I've included another video example below of something called an ember attack. Basically these are burning particles of fuel which get blown long distances ahead of the fire front thanks to high winds . They can be particularly dangerous both inside and outside of a vehicle. Once again the slow steady approach is necessary here, but moreover if you know the fire front is still distance from your location, or if a fire utility can tell you where the fire is the safest approach is to wait inside the car until that ember attack has passed. Ember attacks are difficult to drive through and can do damage to your vehicle if intense enough. However if you do decide to continue driving you most do so continually and slowly, you must keep driving until the danger has passed.



In the event you do get caught in a bushfire or wildfire in a car, this is what you should do. Before anything, if you live in a fire prone area you should always carry blankets, water and a CB radio (optional but in rural locations most people have them anyway). The first thing is while you can still move your car, find a clearing. You need to find somewhere to park where there is little to no bush, forest or foliage present. This is so that there is no fuel present to burn and so that there should be plenty of oxygen to avoid both smoke inhalation and suffocation. The other option where a clearing isn't present is a barrier, rocks or a wall of some sort. Ensure once you've done this you either hail emergency services on the radio or if there is still phone service call the emergency number and give them your location with the potential for a rescue.

The CFA claims that in positioning the car you should also always face the car into the fire front and park off a roadway with your hazards activated. There is a high number of road incidents during a large scale fire event due to poor visibility which can be easily mitigated by avoiding high traffic locations as a fire front approaches.

The next parts are ridiculously important. Close all the vehicle's windows, turn off the air conditioning, shut any vents the vehicle may have and turn the engine off. Suffocation is one of the biggest killers in the event of a fire and this is catalysed by smoke. This is made worse typically by air flow through an engine when that engine is on. This aside, any fuel in the fuel lines of a vehicle will ignite in the event of a high temperature close proximity fire. It's much better that the engine is not operating at all.

You should get as low as you can in the vehicle and cover yourself with blankets. The CFA claims that any location which is lower than the height of your windows will help protect you from heat and smoke. You should also have water to keep yourself hydrated while you are in danger. The good news is the fire front of most fires is normally sweeping and quick in high wind situations. It doesn't last any more than about 10-20 minutes. This doesn't mean you should either get out of your car and flee or start your car and drive away though, you definitely shouldn't. Temperatures will still be high outside of the car, there will still be smoke and burning foliage on the ground. You should continue to keep low and hydrated until either visibility returns or you're rescued by emergency services.

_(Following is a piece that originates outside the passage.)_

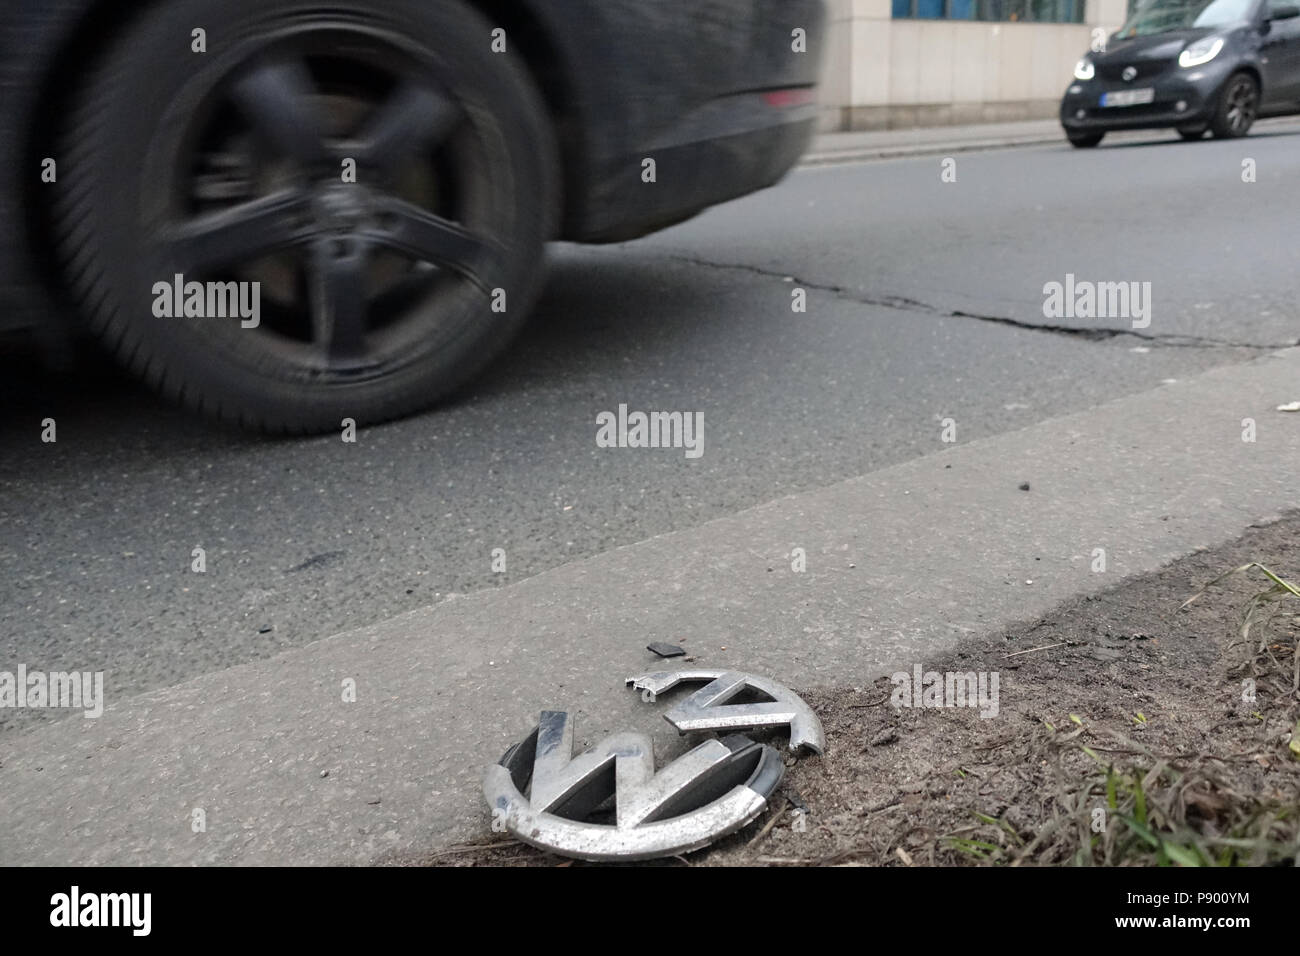 Berlín, Alemania, emblema de la rejilla de la parrilla rota un Volkswagen está situado en la carretera Foto de stock

Is there a better car to have in the event of a fire?

The obvious answer is yes. A truck, SUV or car designed to cope with off-road conditions is going to help not just with driving through potentially dangerous terrain but visibility as well. The lower you are in smoke higher you'll have to look to avoid danger, smoke and heat rises so what you'll be essentially looking into is more smoke. Looking down from a higher location will mean you have more visibility. It does however also increase the risk of smoke inside your vehicle and fire moving underneath your vehicle in the event that you need to stop and shelter. You must always ensure that all vents in the vehicle are closed and that no external air is blowing inside the vehicle.

Here's the thing

As I mentioned above, and following current prescribed bushfire survival tips you really shouldn't ever find yourself in a situation where you need to shield yourself from a bushfire in a vehicle. And I'm deadly serious about that. There are situations where a fire front may flank an evacuation route or you are not close to any built up cities or towns where you might get caught. But generally you should either be evacuating hours and hours in front of a fire (the preferable option for all emergency services) or preparing to defend your home and seeking shelter. Getting trapped in a car during a fire is not a situation you or anyone wants to be in.

Just a quick footnote prior to the end of today's article. All of our thoughts down south in Victoria are with those who have lost a loved one, a home or have been displaced as a result of this week's devastating NSW and QLD bushfires. We understand the danger is nowhere near over yet but we hope you all stay strong for the coming week.